I used to go over to friends’ houses with the express intent of watching them play video games. Consoles were anathema in my house, for whatever reason, and the brief encounters I’d had with gaming were enough to convince me that my parents’ anti-Sega/Nintendo/Sony edicts were misguided at best. My friend Matt was the first person I knew who had the new Playstation. At his house I would watch for literally hours as he played through CoolBoarders, waiting for him to graciously hand his single controller over to me for just one run. 

Another friend, Alex, had an older console at his house: the SNES. His technology was less impressive, but at least we played together, and thus, I played at all. We usually horsed around with MarioKart. It was fun, and we didn’t need any kind of trumped-up narrative to convince us that video games were some kind of important cultural artifact. Imagining some kind of metaphorical gravitas were attached to Yoshi’s twitchily responsive go-kart would have seemed like nothing more than perverse absurdity to Alex and me. We were kids and it was just a game.

The question I want to ask now is, are we still kids and are the things we’re playing still just games? What would it mean for Halo LAN parties to be more than just a bunch of friends getting together to blow off steam? On some level, I think most of us understand at a very basic level that the way we use our imaginations matter. We know, instinctively almost, that the kinds of games we like to play say a little something about ourselves. But what do those games say about us? How do those games mark out the binaries that create our own ideas of possibility?
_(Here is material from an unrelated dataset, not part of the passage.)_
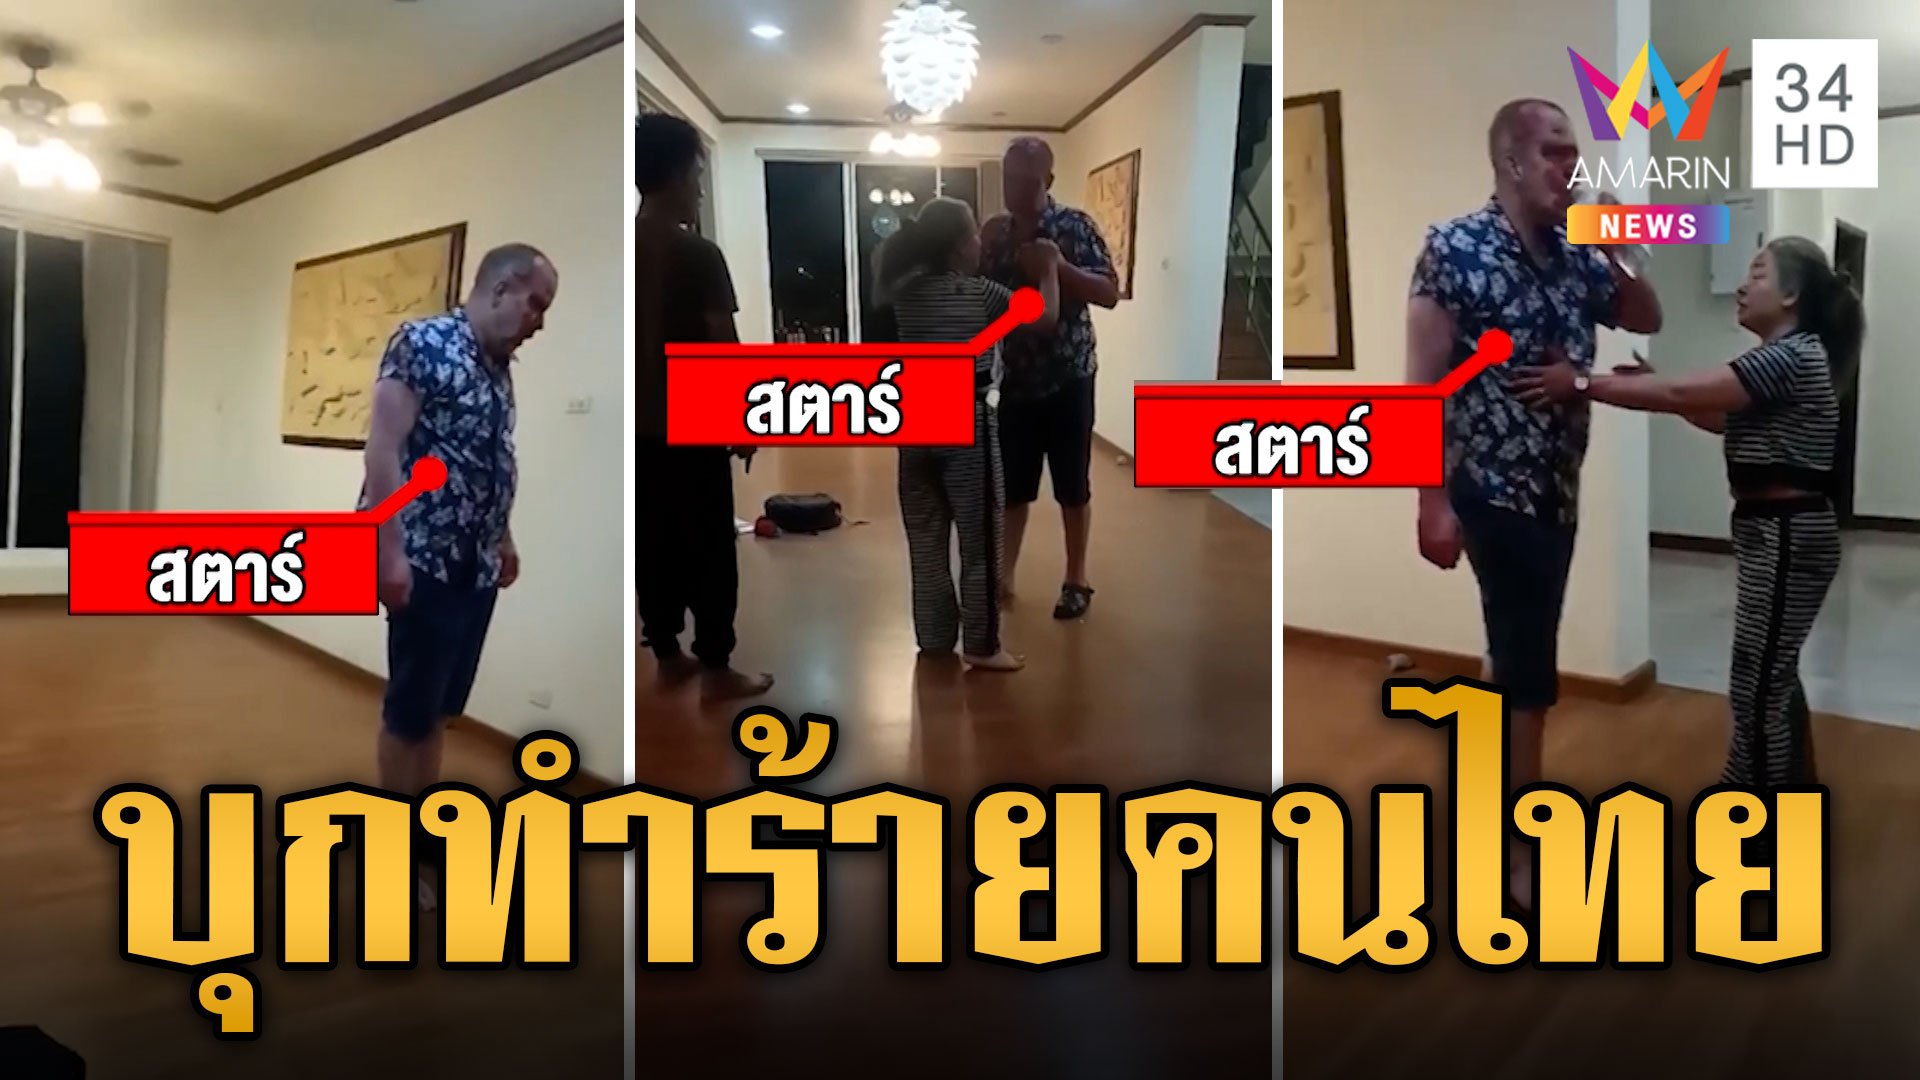 ต่างชาติหัวร้อน! บุกทำร้ายคนไทยถึงบ้าน แถมเรียกเงินแสน | ข่าวเที่ยงอมรินทร์ | 18 มี.ค. 67 | AMARIN TVHD34
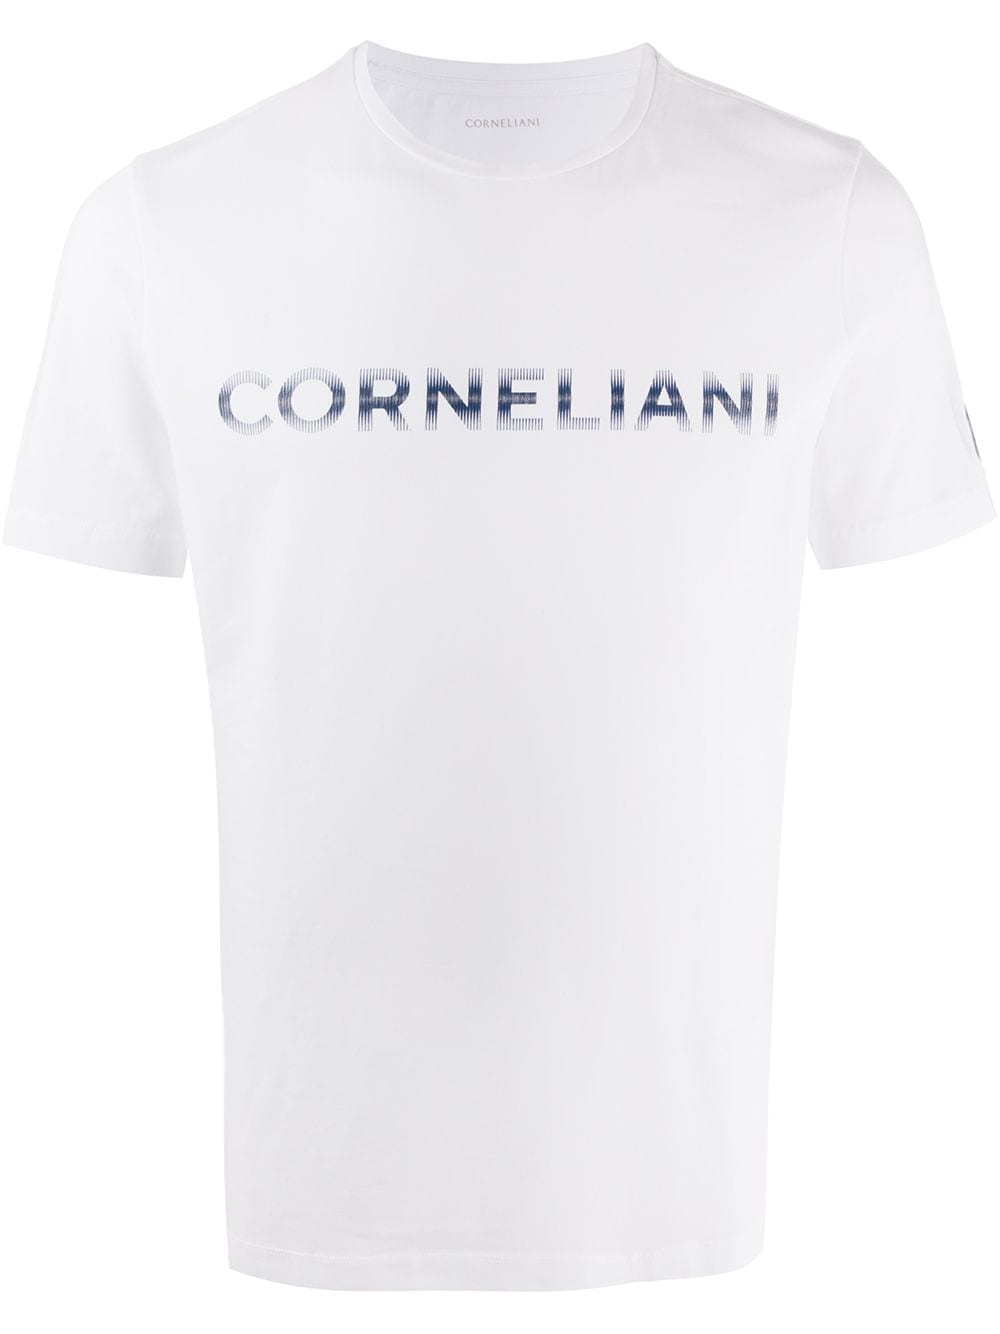 фото Corneliani футболка с короткими рукавами и логотипом

This is a gamer’s blog, made because I like to talk about games. This Christmas I received, for the first time in my life, a PS2. I have an Xbox 360, and I had its predecessor for a short while as well, but I’ve never owned a Sony game machine. Thus, I have up until this point, missed entirely out on some of the most lauded touchstones of gaming history: the Final Fantasy games, Metal Gear Solid, Grand Theft Auto, Shadow of the Colossus, etc, etc. I now have a stack of PS2 to play through and the need to do so in the context of dialogue. I want to play these games because I love playing games. I also want to play these games because I think they matter, and though there are more who agree with that sentiment than I had ever thought before, it seems the majority of us still believe that video games are only that: just games. Just: a word used to orient us between the two poles of cultural worth, important and waste of time. A word that keeps us from looking at the games we play as carrying social importance, formational power. A word that dismisses the politics of gaming by suggesting they don’t exist at all.

This might be something like a journal--thoughts on the games as I play through them. It may have a commentary feel to it, taking in what others are saying putting that up against my own experiences. Hopefully it will be a place for open discussion, ideas that mix with a general love for the craft of gaming. I believe that people learn best in community, and that’s what I most want to discover. This is a gamer’s blog. A place to learn together, playing in the binaries.